Shown above, Ruby 3.1.0 reports these warnings while older versions do not.

Idea: Depending on the version of Ruby being used, invoke ERB.new in whatever way that works and doesn't print these warnings.

When was the new method syntax allowed?

Testing Ruby versions shown below, we can see that Ruby 2.3.0 and 2.4.0 do not seem to support the keyword argument for trim_mode and throw an exception when given a keyword argument for trim_mode

% for i in 2.3.0 2.4.0 2.6.0 3.0.0 3.1.0; do podman run -it docker.io/ruby:$i ruby -rerb -e 'puts RUBY_VERSION; erb = ERB.new("<%= 123 %>", trim_mode: "-"); p erb.result(binding)'; done
2.3.0
/usr/local/lib/ruby/2.3.0/erb.rb:860:in `block in result': no implicit conversion of Hash into Integer (TypeError)
        from /usr/local/lib/ruby/2.3.0/erb.rb:862:in `result'
        from -e:1:in `<main>'
2.4.0
/usr/local/lib/ruby/2.4.0/erb.rb:892:in `block in result': no implicit conversion of Hash into Integer (TypeError)
        from /usr/local/lib/ruby/2.4.0/erb.rb:894:in `result'
        from -e:1:in `<main>'
2.6.0
"123"
3.0.0
"123"
3.1.0
"123"

Conclusion

  • Ruby versions 2.4.0 and older do not support the newer ERB.new(template, trim_mode: "-") argument
  • Ruby versions 3.1.0 and newer print a warning when using the older syntax, ERB.new(template, safe_level, trim_mode)

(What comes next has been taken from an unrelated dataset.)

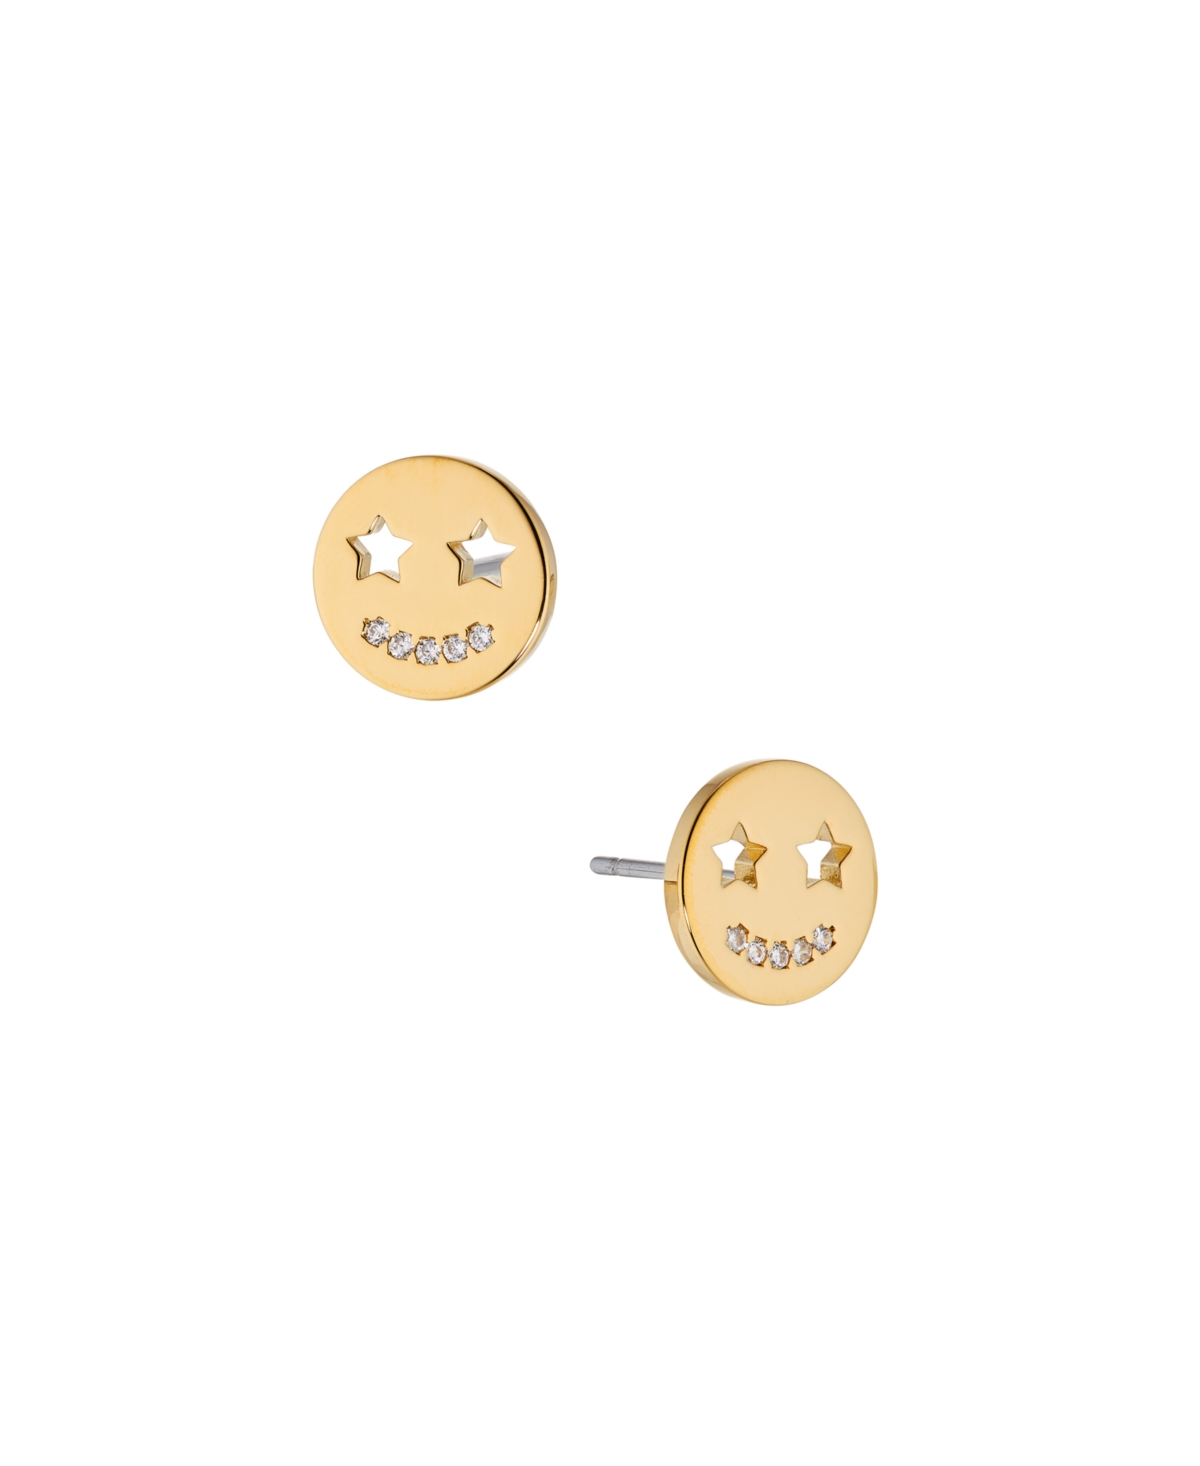 Smiley Face Stud Earring in 18K Gold Plated Brass - K Gold Plated

In order to support older versions of ruby, I think ERB.new calls in FPM should be the old syntax for ruby versions 3.0.x and older, and use the new syntax for ruby versions 3.1.x and newer.

The goal is to reduce useless(*) warnings printed to fpm users. By "useless" I mean that there is no obvious action a user can take to resolve these warnings in fpm because the problem is a change in Ruby 3.1.0 and how fpm invokes ERB.

This can be done by checking RUBY_VERSION before calling ERB.new.